The first-ever international audio collection of aquatic ecosystems aims to uncover unidentified fish species, discover regional dialects and help conservation.
To better understand the diversity, distribution and abundance of species in noisy underwater ecosystems, a group of 17 international scientists, are calling for a global audio collection of Earth's submerged orchestras.
The collection, dubbed The Global Library of Underwater Biological Sounds (GLUBS), will catalog everything from the humming of boats, to a blue whale's haunting clicks and whistles, to the sounds of ice and wind. Such a reference library could help researchers collaborate, compare and monitor marine, brackish and freshwater ecosystems and possibly identify new species.
Roughly 250,000 marine species are known, and lots of them have been heard making noise. Scientists suspect all 126 marine mammals emit sound. According to a statement, at least 100 invertebrates and 1,000 of the world's known 34,000 fish species also make noise, and experts think more fish are waiting to be heard.

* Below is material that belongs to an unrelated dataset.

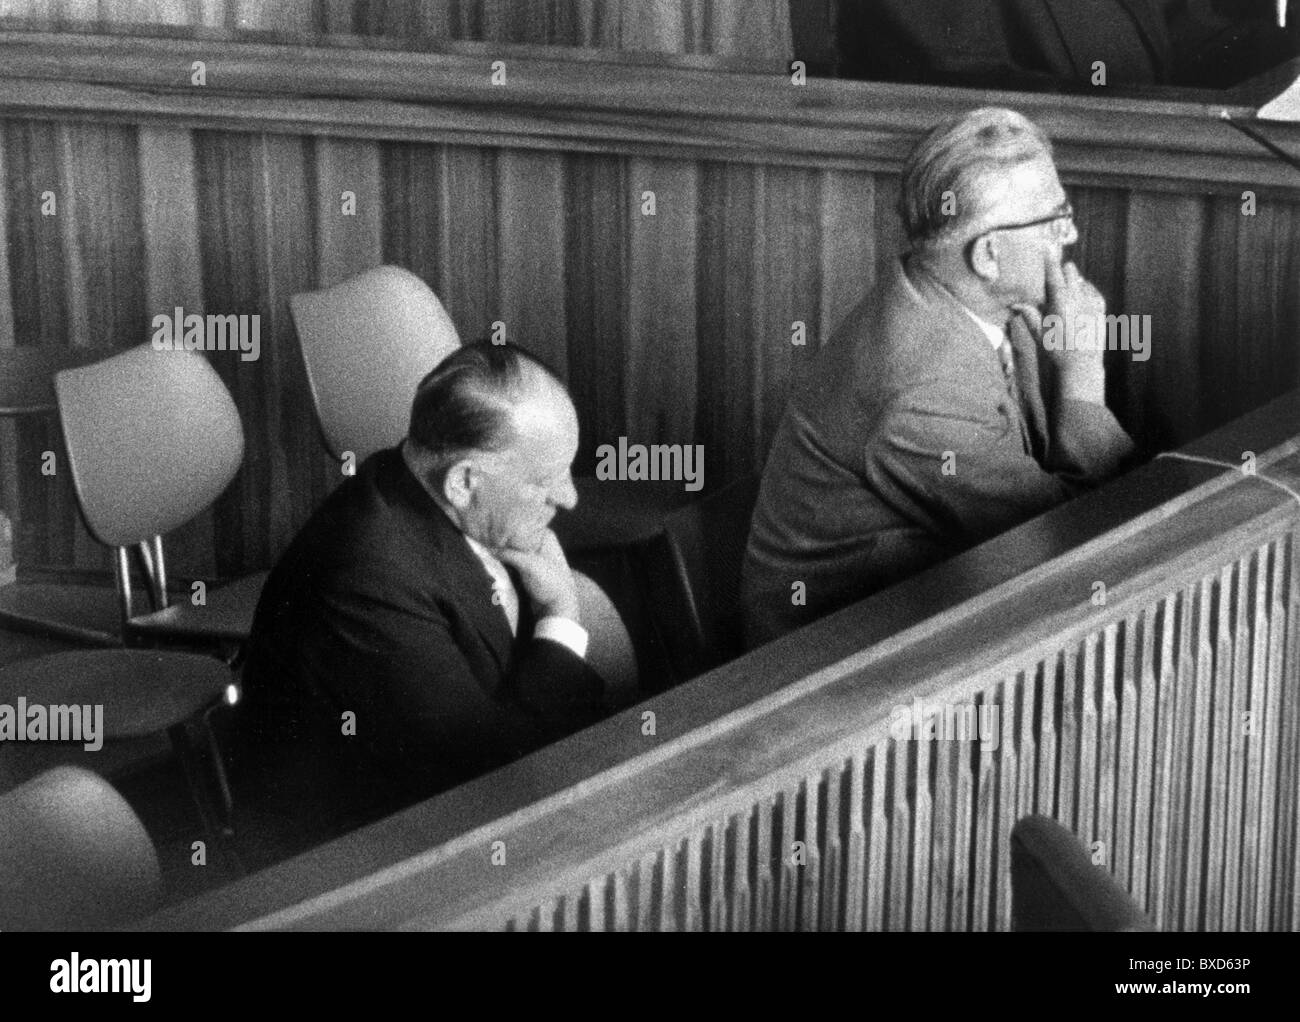 justice, trials, Roehm Trial, Munich, May 1957, the defendants Josef 'Sepp' Dietrich and Michael Lippert during the pronouncement of the sentence, 14.5.1957, Additional-Rights-Clearences-Not Available Stock Photo

Whilst various research institutions already have their own sound libraries, the scientists argue that a global platform that brings together existing libraries would give accessibility to more data and allow for more collaboration.
The open-access collection may help researchers identify biologically rich areas to protect and how species in one location differ from the same species residing in another area. Furthermore, as the register of underwater sounds grow, researchers will more likely understand what sounds aid in the restoration efforts of a specific ecosystem.